Este es un libro que aborda la vejez desde una perspectiva concreta: el prostíbulo de las bellas durmientes opera como una de las formas posibles de enmascarar la vergüenza de ser viejo, de superar el hecho de avergonzarse de serlo ante los ojos de las personas jóvenes; es decir, la conciencia de estar aproximándose al final de la vida y de padecer los paulatinos achaques y feos rasgos de la edad, lo que supone ser consciente de las nuevas limitaciones que lleva aparejada dicha decadencia y la repulsa que parece provocar en aquellos que no participan aún de ella. Este es el motivo por el que se acuestan junto a chicas jóvenes: este placer deforme, que demuestra que los ancianos no están en paz consigo mismos, les permite no sentirse juzgados. Ahora bien, tras esta posibilidad de no sentirse condenados, también encontramos que los cuerpos de las chicas cumplen una función fundamental: Eguchi, y como es de suponer también los otros ancianos, los utilizan para viajar por sus memorias como si fuesen pantallas de cine sobre las que cae la luz entrecortada de sus recuerdos, sobre la que proyectan la experiencia vital acumulada.

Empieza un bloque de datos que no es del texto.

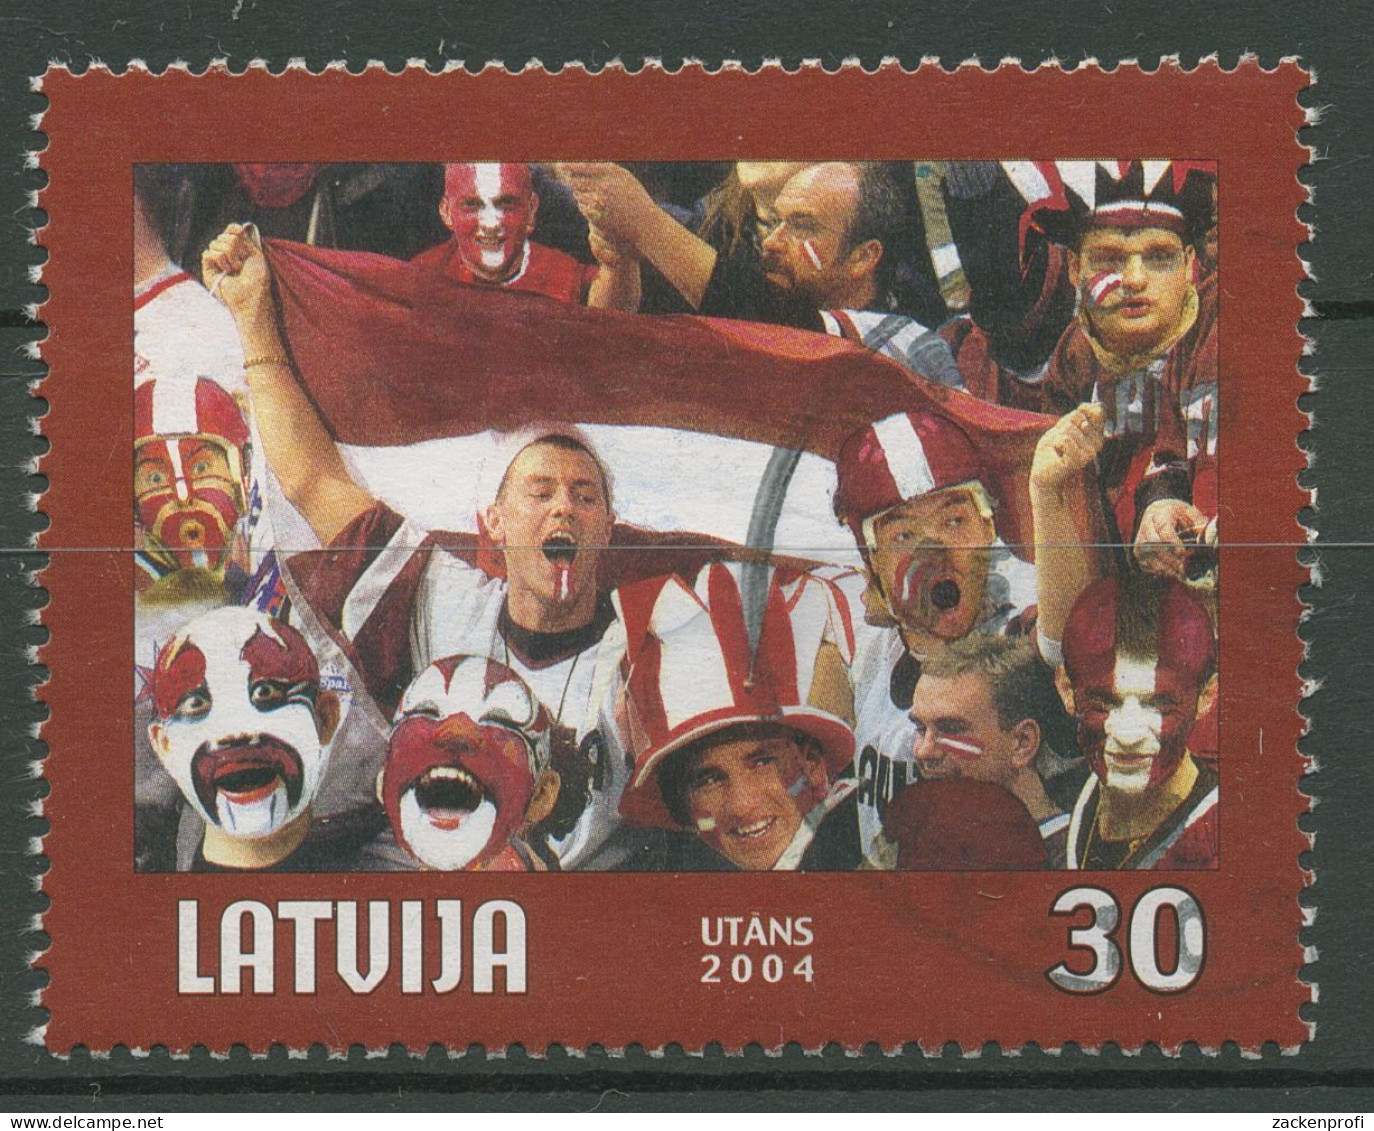 Lettland 2004 Eishockey-WM Riga 610 A Gestempelt - Lettonie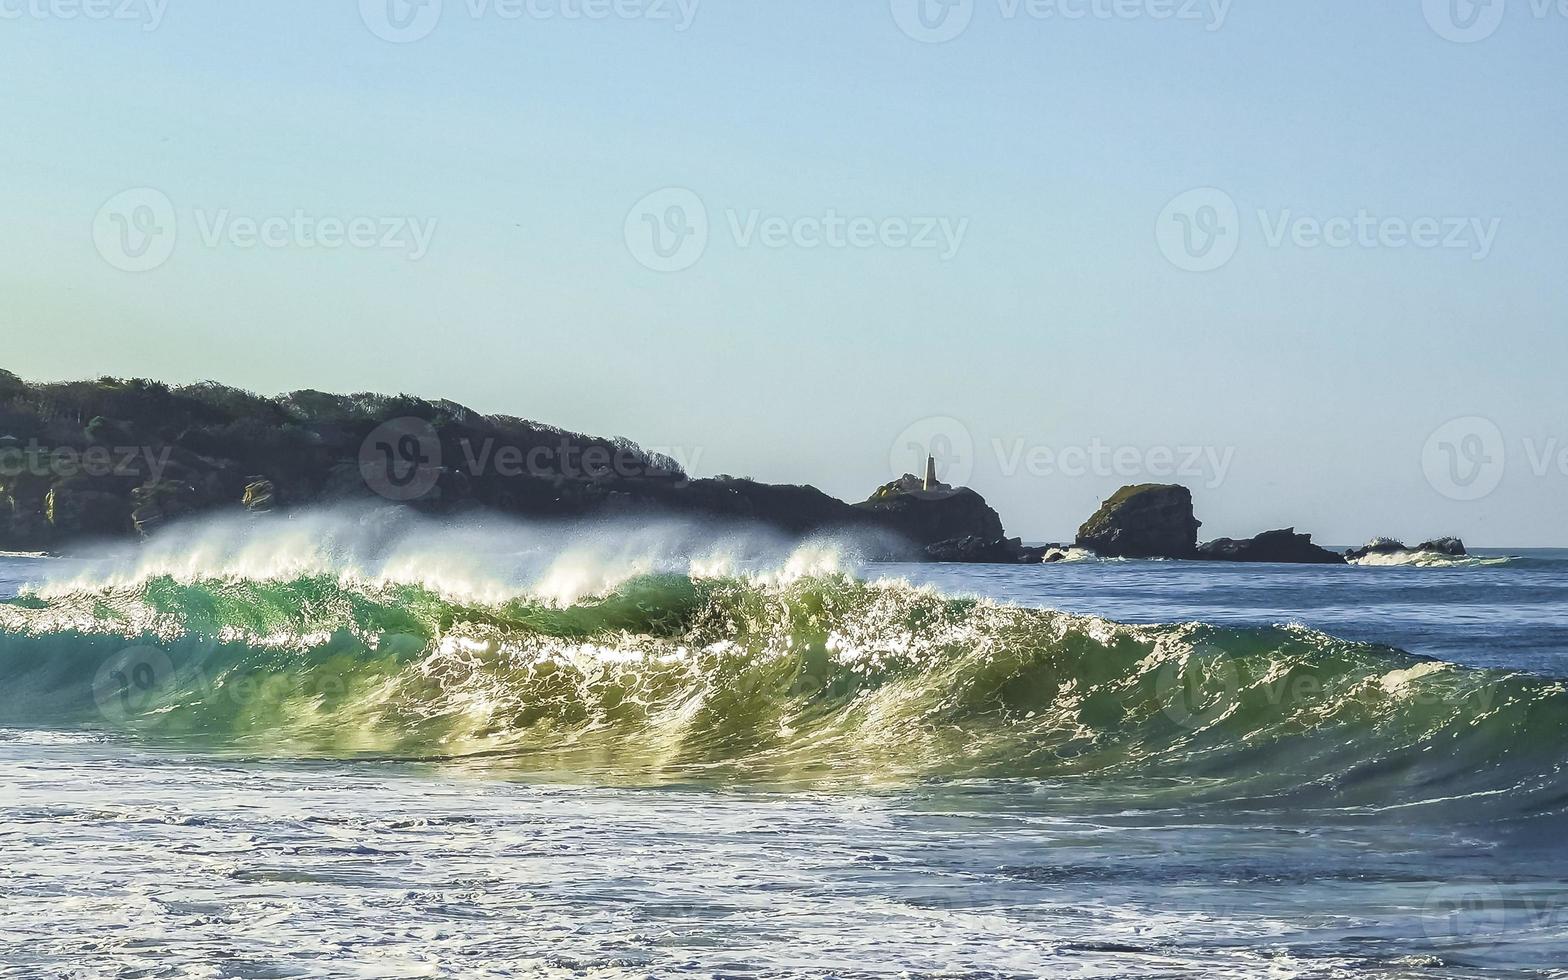 Extremadamente enormes grandes olas surfista playa la punta zicatela méxico. foto

Por otro lado, existe también una reflexión constante sobre las implicaciones morales de pasar la noche en semejantes circunstancias. Las cavilaciones sobre el mal, sobre lo decadente, dejan su tenue aroma por todas las páginas de esta fascinante novela: «tal vez, engañado por la costumbre y el orden, nuestro sentido del mal se atrofiaba». Y eso parece realmente, pues Eguchi, a medida que va visitando La casa de las bellas durmientes, parece ir acomodándose a las prerrogativas e insensibilidad que lo rodea. En definitiva, esta es una novela que hay que leer por dos motivos: el primero es que nos invita a sumergirnos en un contexto desasosegante en el que parece difícil imaginarse; el segundo es que dicho desasosiego es fecundo para reflexionar sobre las vías de escape que podemos encontrar con tal de no sentirnos acabados, aunque ello suponga dejarse caer en, como ya he dicho, terribles placeres deformantes.